We’ve teamed up with the Kathy Mitchell of Living Room Conversations and Meg Tuszynski of America’s Future Foundation to bring you “What is the best way to help the poor?” The Center for the Study of Liberty creates opportunities, such as this Dinner Round Table event, to talk about ideas that shape our world, engage in lifelong learning, and build a better society. We’re excited to have you as part of our growing community.

During this event, you will:

  • Read from a set of articles

  • Explore the readings and topic in depth over a meal

  • Connect with colleagues and friends

  • Spark civil conversations led by an expert facilitator

Event Topic

Though America is a land of great wealth and opportunity, short- and long-term poverty are still pervasive problems. The American Dream does not seem to be accessible to all. Why is this the case? What factors contribute to keeping people in poverty? What are the most effective tools for helping all Americans to live flourishing lives, free from want?

In this conversation, we’ll explore some of the obstacles facing the poor in America today and unpack a variety of proposals to help address these issues. We will also explore our individual obligation concerning the problem of poverty in our communities and country. What is our moral responsibility towards those in need and how do we effectively put our values into action?

The event takes place on Tuesday, February 11, 2020. It lasts 2-3 hours.

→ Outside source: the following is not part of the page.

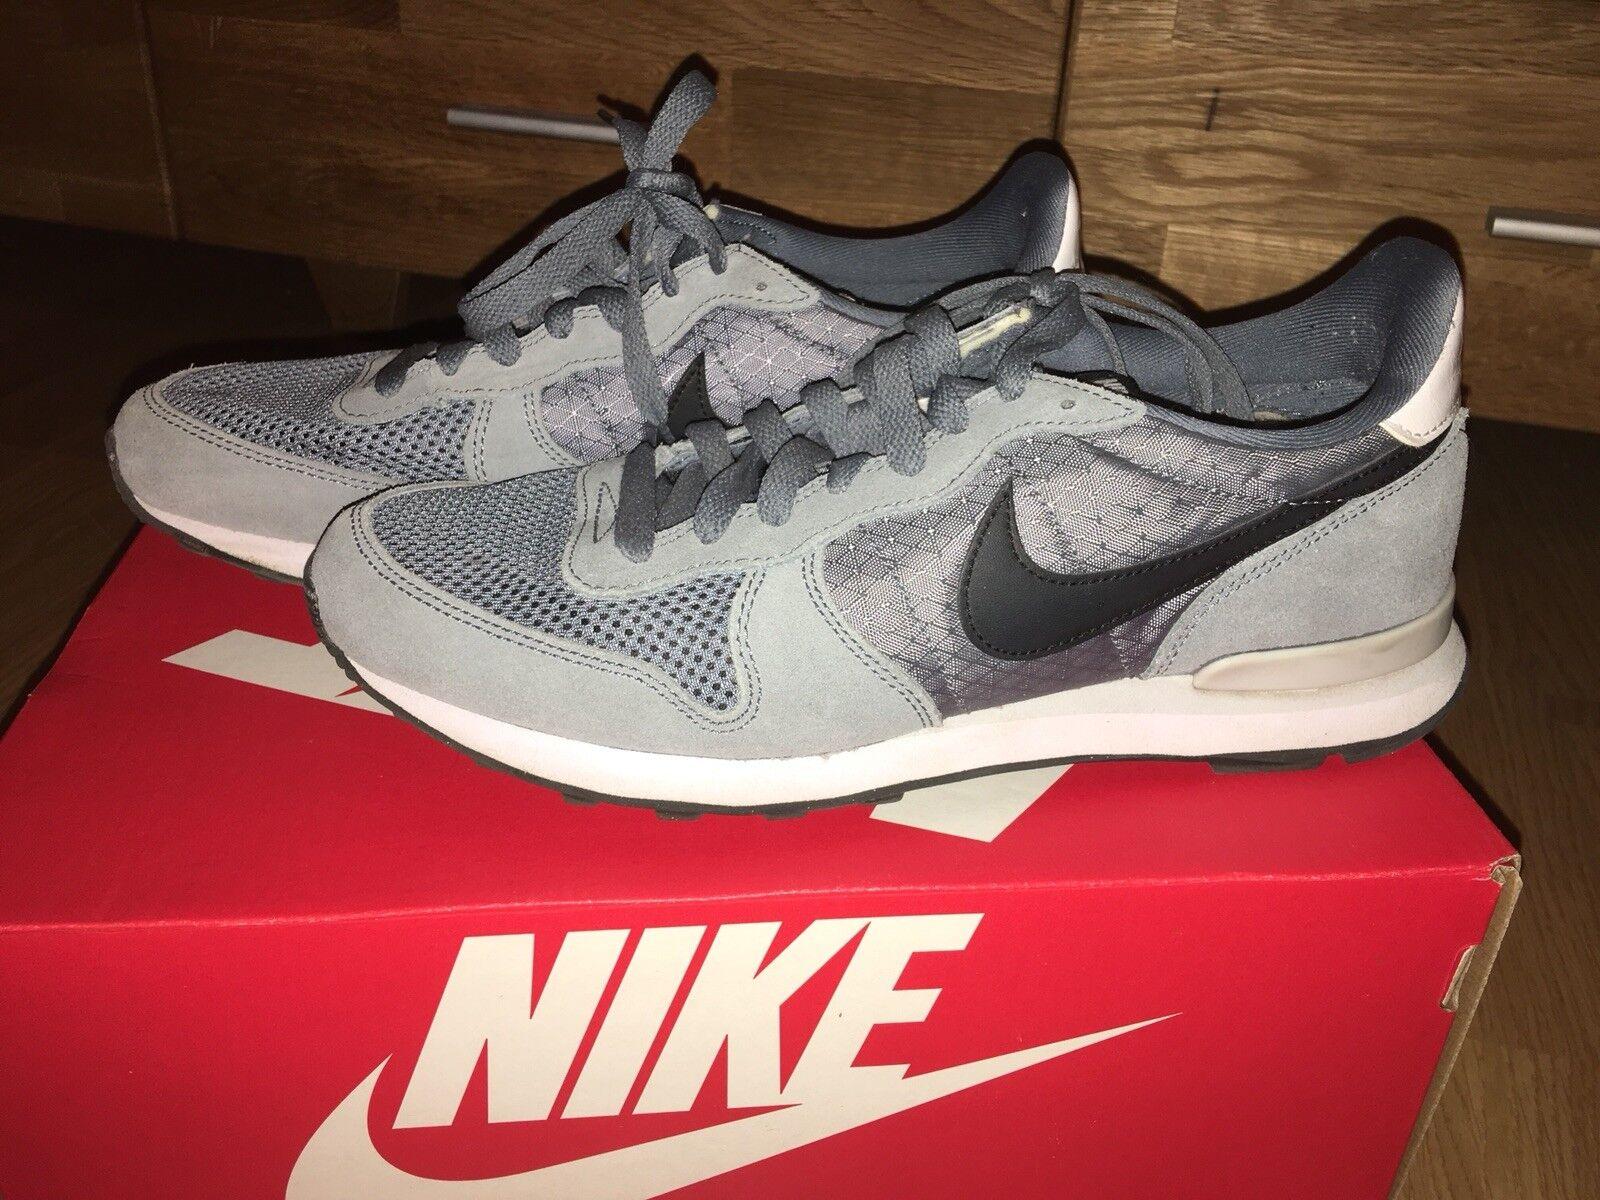 Nike Internationalist Turnschuhe Schuhe UK 6,5 Blau graphit schwarz

6:30PM – Opening Reception

7:00 PM – Welcome, introductions, and dinner

7:30 PM – Discussion

9:00 PM – Closing

Readings and Other Materials

Goals and Expected Takeaways

Participants will bring their diverse perspectives and experiences to the discussion. Our facilitator will ensure a thought-provoking conversation where all can contribute. We hope you will leave with new ideas, new connections with others who care about this topic, and inspiration to learn, discuss, and act.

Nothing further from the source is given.